CF1366G-Construct the String
CF1366G-Construct the String
题目:
题目描述:
Let’s denote the function $ f(s) $ that takes a string $ s $ consisting of lowercase Latin letters and dots, and returns a string consisting of lowercase Latin letters as follows:
- let $ r $ be an empty string;
- process the characters of $ s $ from left to right. For each character $ c $ , do the following: if $ c $ is a lowercase Latin letter, append $ c $ at the end of the string $ r $ ; otherwise, delete the last character from $ r $ (if $ r $ is empty before deleting the last character — the function crashes);
- return $ r $ as the result of the function.

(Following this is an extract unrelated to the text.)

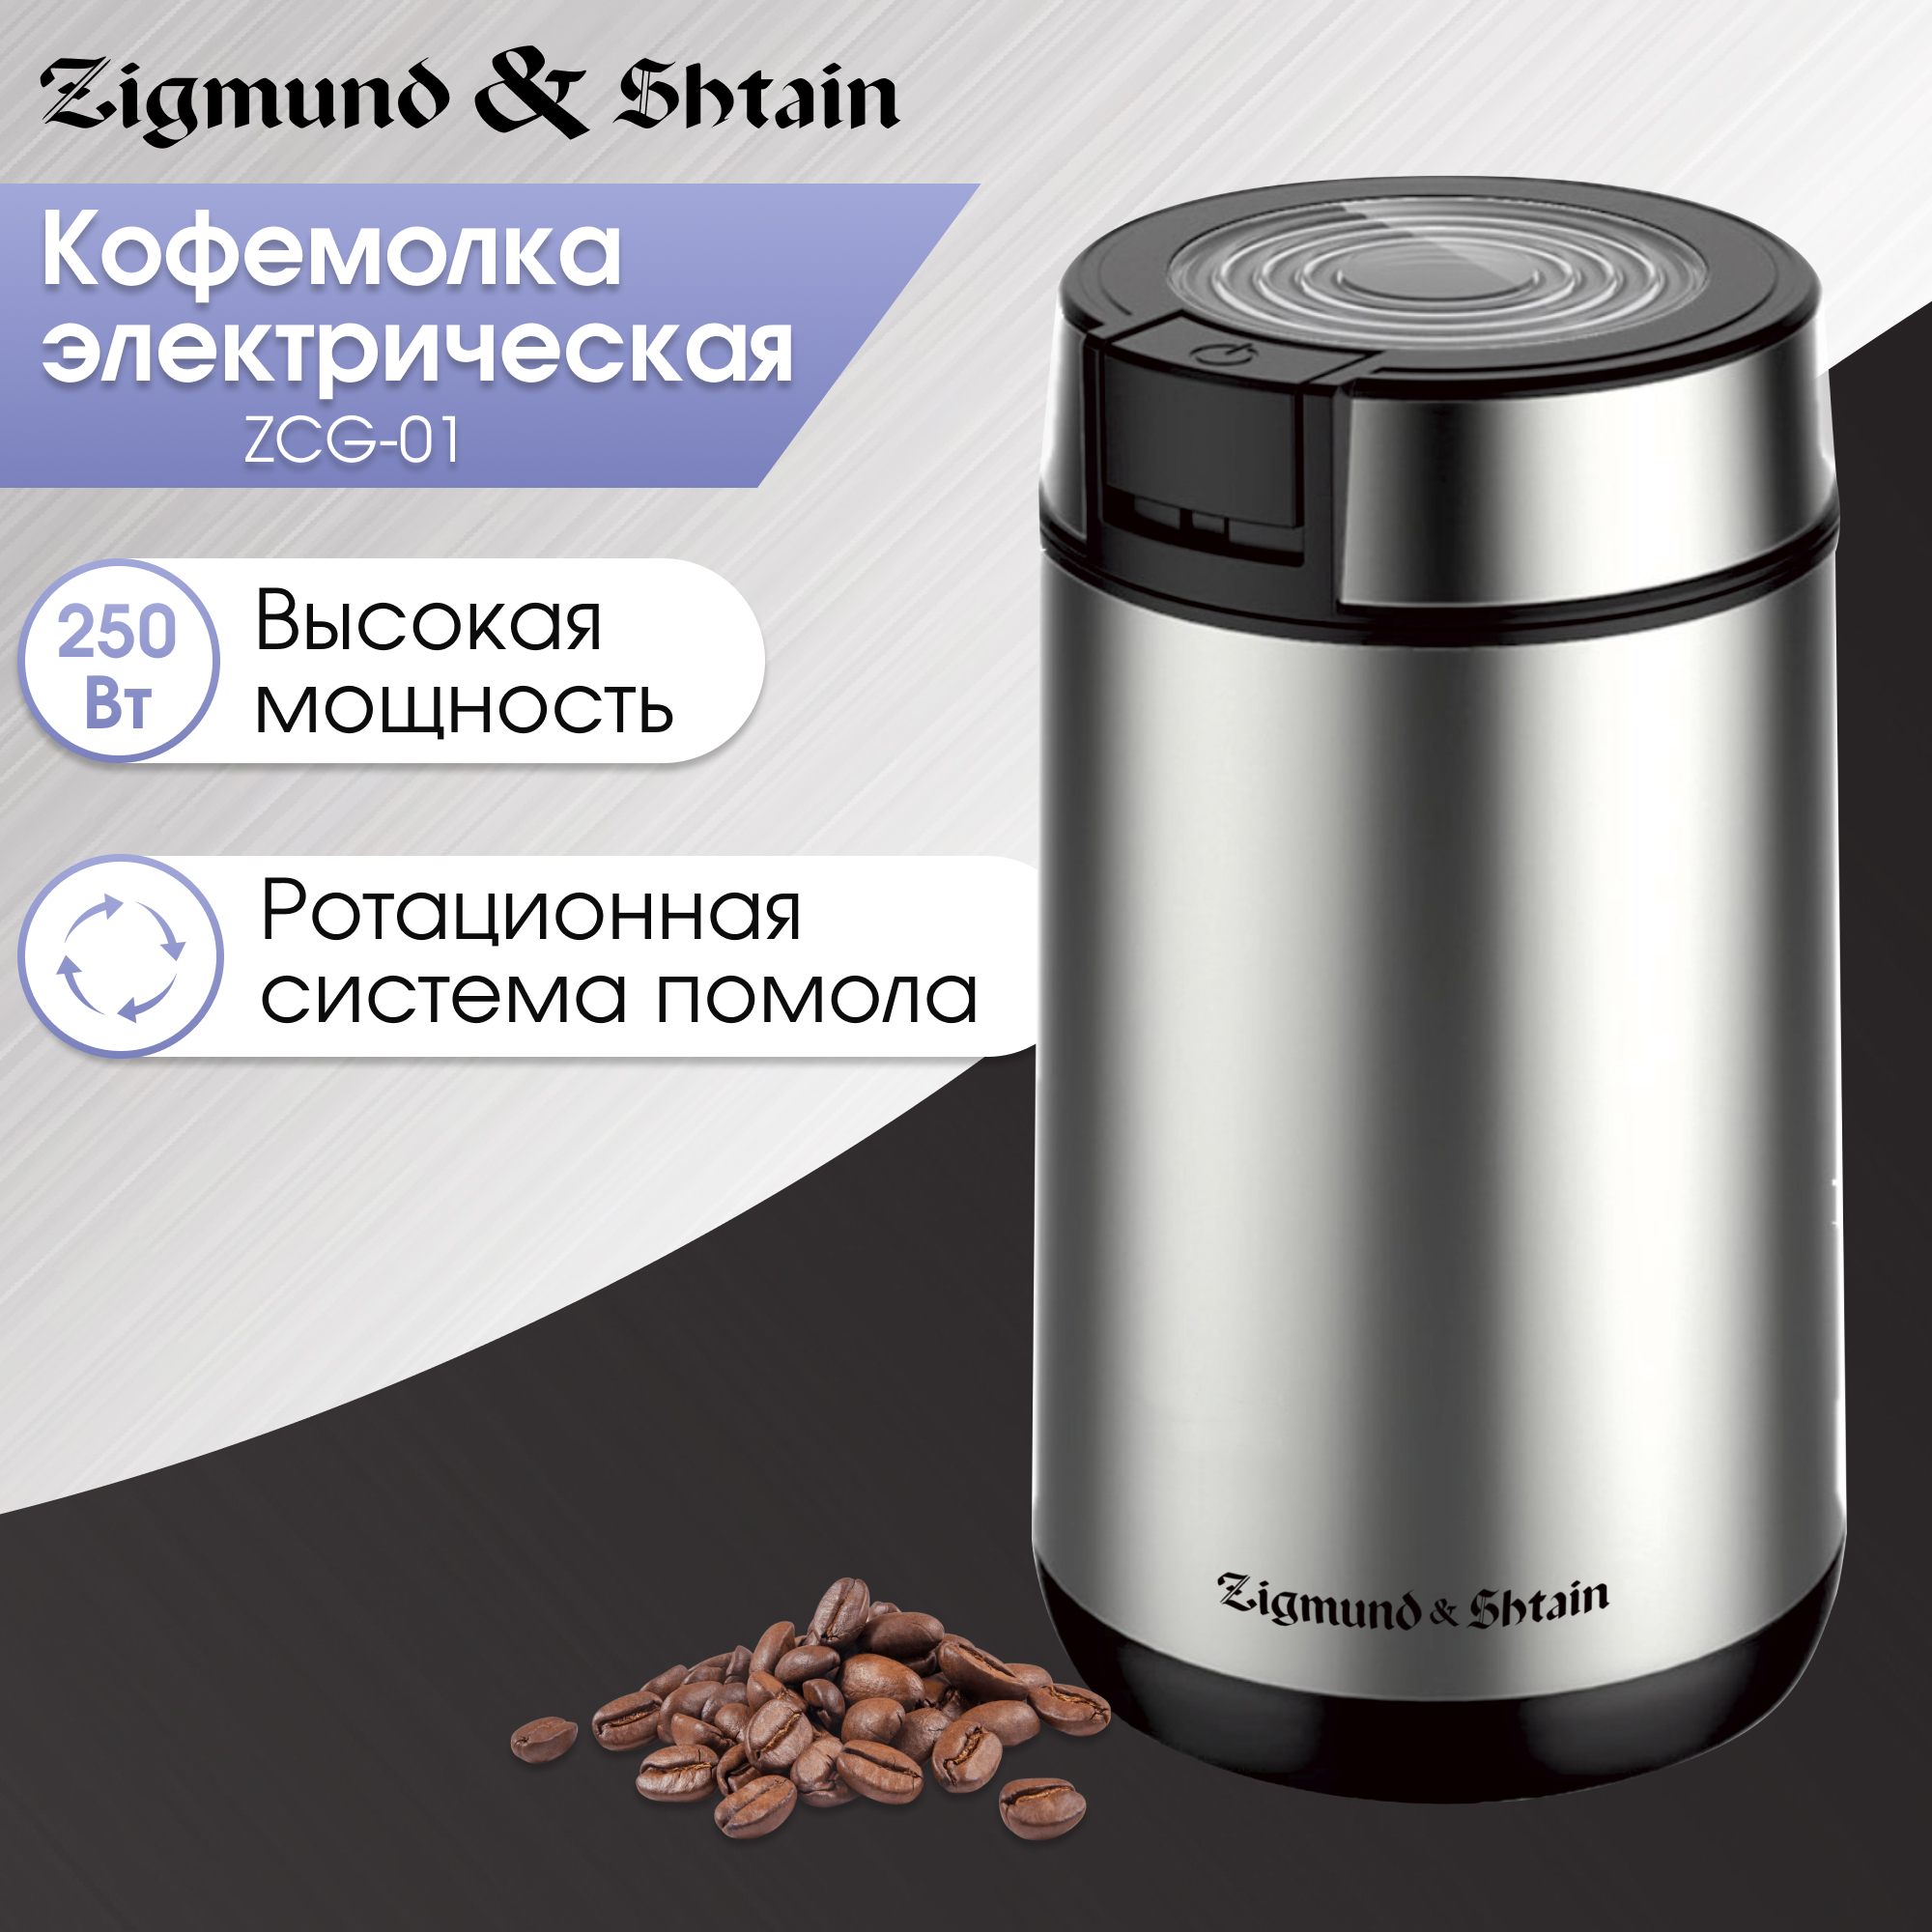 Кофемолка Zigmund & Shtain ZCG-01 серебристый, серый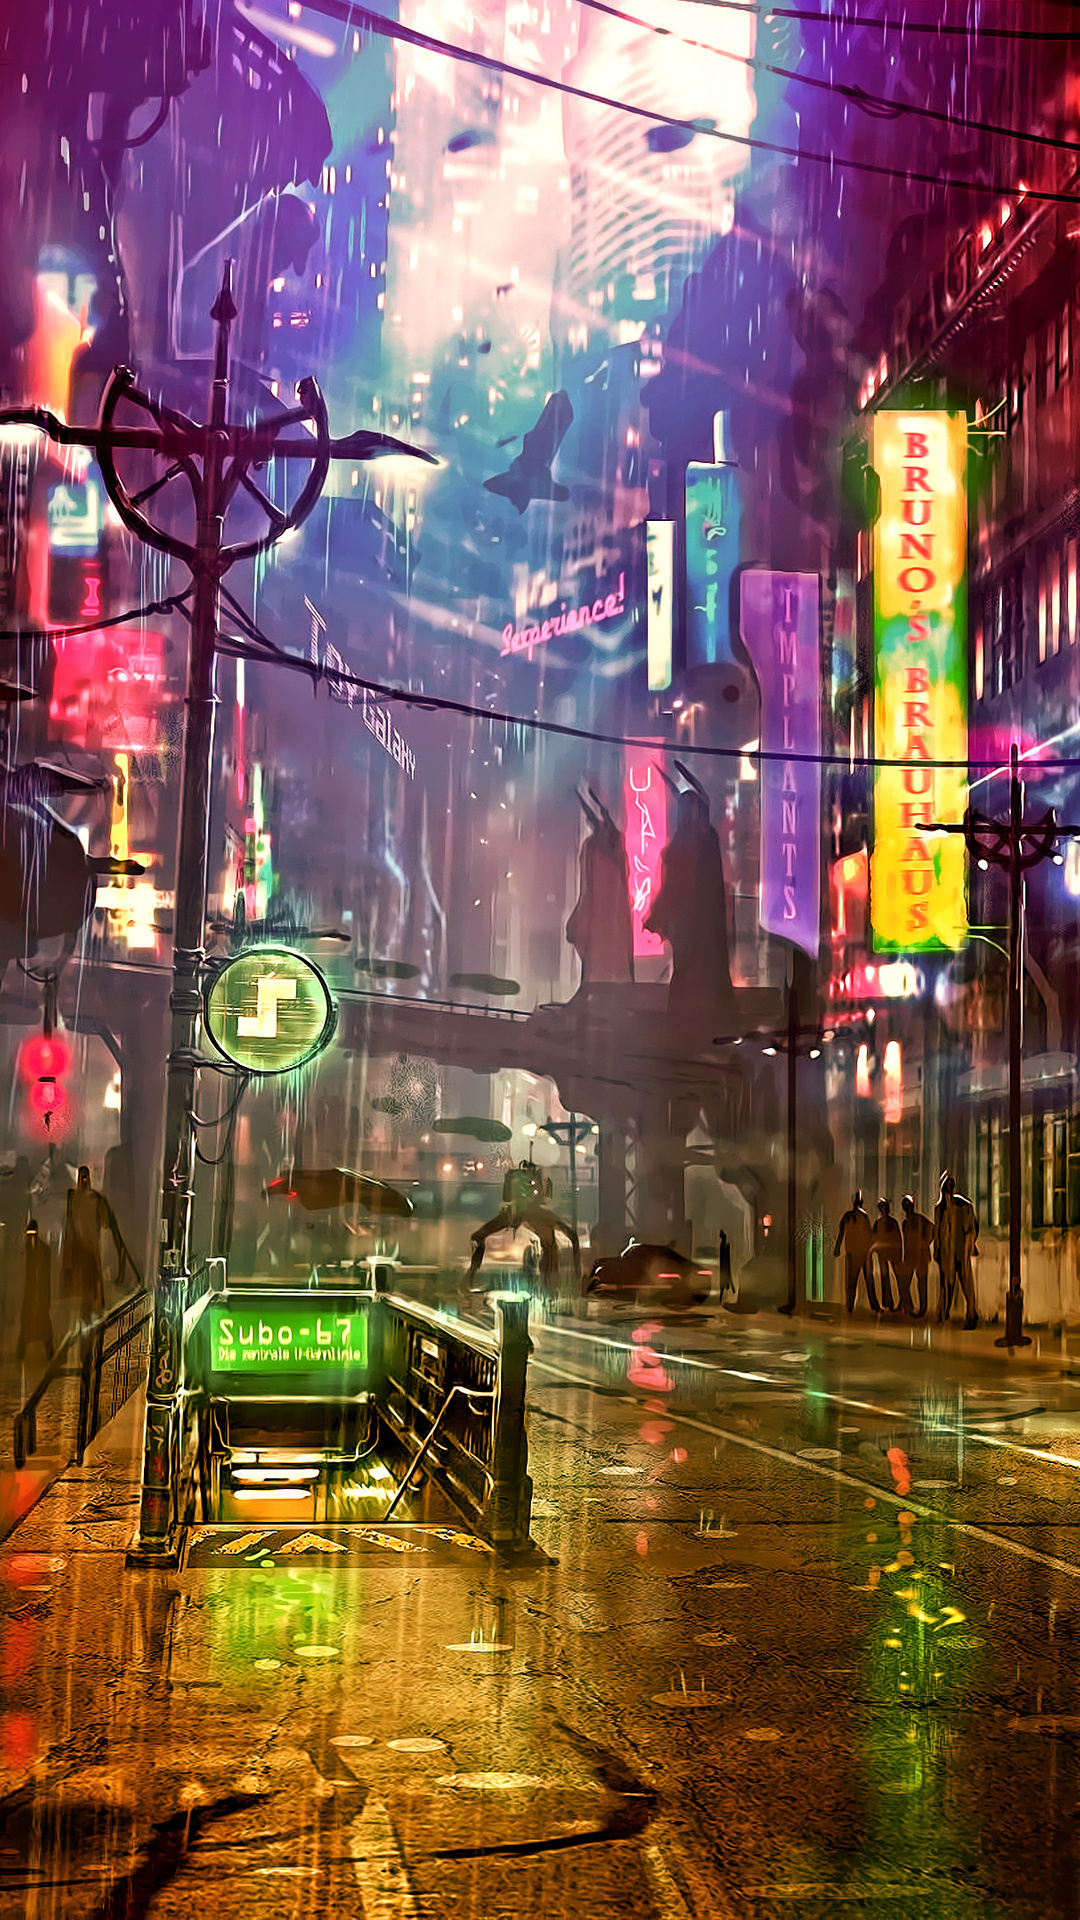 Futuristic City Cyberpunk Neon Street Digital Art 4k iPhone 6s, 6 Plus, Pixel xl , One Plus 3t, 5 HD 4k Wallpaper, Image, Background, Photo and Picture

You are given two strings $ s $ and $ t $ . You have to delete the minimum possible number of characters from $ s $ so that $ f(s) = t $ (and the function does not crash). Note that you aren’t allowed to insert new characters into $ s $ or reorder the existing ones.
输入格式:
The input consists of two lines: the first one contains $ s $ — a string consisting of lowercase Latin letters and dots, the second one contains $ t $ — a string consisting of lowercase Latin letters ( $ 1 \le |t| \le |s| \le 10000 $ ).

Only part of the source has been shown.